President pro tempore of the United States Senate
- In office May 19, 1919 – March 6, 1925
- Preceded by: Willard Saulsbury Jr.
- Succeeded by: George H. Moses

United States Senator from Iowa
- In office November 24, 1908 – July 30, 1926
- Preceded by: William B. Allison
- Succeeded by: David W. Stewart

18th Governor of Iowa
- In office January 16, 1902 – November 24, 1908
- Lieutenant: John Herriott Warren Garst
- Preceded by: Leslie M. Shaw
- Succeeded by: Warren Garst

Member of the Iowa House of Representatives
- In office January 9, 1888 – January 12, 1890
- Preceded by: Wesley Redhead
- Succeeded by: Bradford B. Lane
- Constituency: 22nd district

Member of the Iowa Senate
- In office 1887–1888

Personal details
- Born: Albert Baird Cummins February 15, 1850 Carmichaels, Pennsylvania, US
- Died: July 30, 1926 (aged 76) Des Moines, Iowa, US
- Party: Republican
- Spouse: Ida L. Cummins
- Children: 1

= Albert B. Cummins =

Politician, governor, and senator from Iowa (1850–1926)

Albert Baird Cummins (February 15, 1850 – July 30, 1926) was an American lawyer and politician.

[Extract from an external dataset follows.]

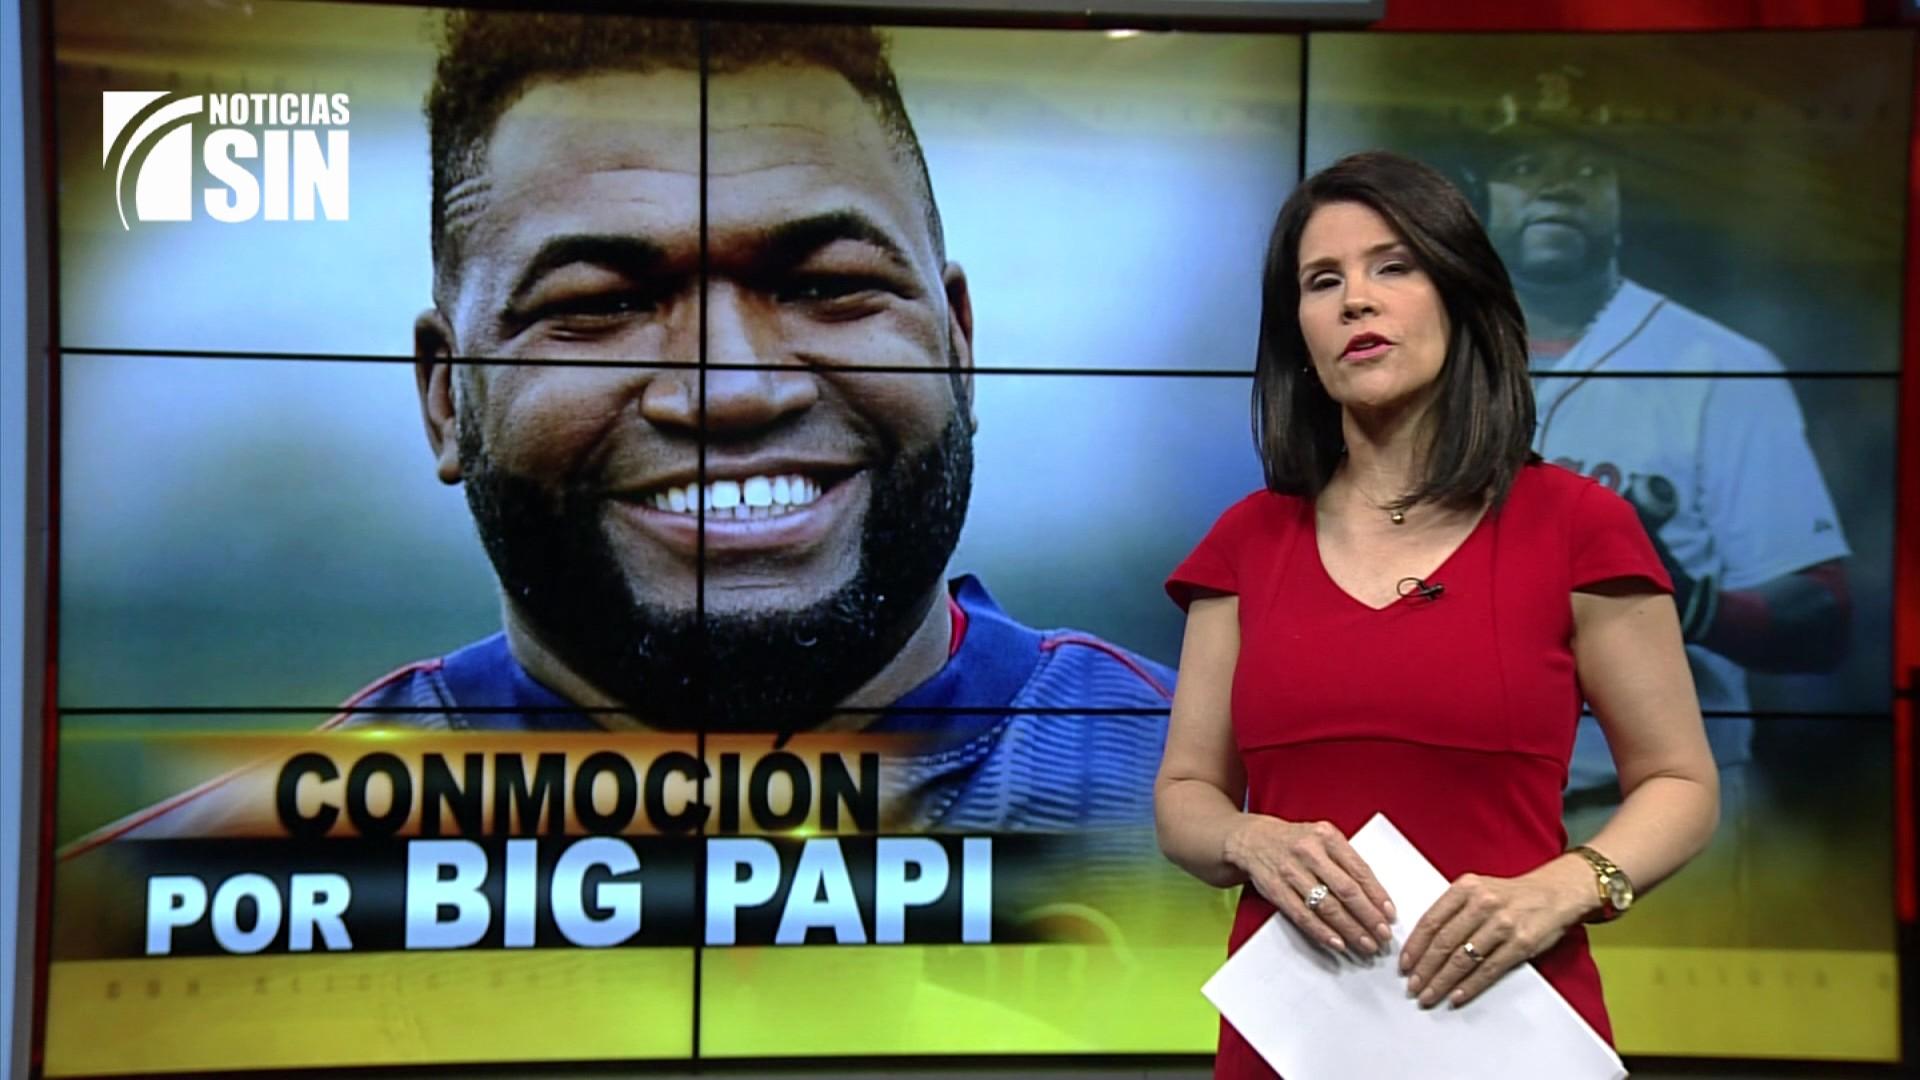 Big Papi: uno de los peloteros más querido del mundo, más allá del béisbol

He was the 18th governor of Iowa, elected to three consecutive terms and U.S. Senator for Iowa, serving for 18 years. Cummins was a leader of the Progressive movement in Washington and Iowa. He fought to break up monopolies. Cummins' successes included establishing the direct primary to allow voters to select candidates instead of bosses; outlawing free railroad passes for politicians; imposing a two-cent street railway maximum fare; and abolishing corporate campaign contributions. He tried, with less success, to lower the high protective tariff in Washington.

==Early life==
Cummins was born in a log house in Carmichaels, Pennsylvania, the son of Sarah Baird (Flenniken) and Thomas L. Cummins, a carpenter who also farmed. He attended different schools including the Greene Academy at Carmichaels, and was matriculated at Waynesburg College.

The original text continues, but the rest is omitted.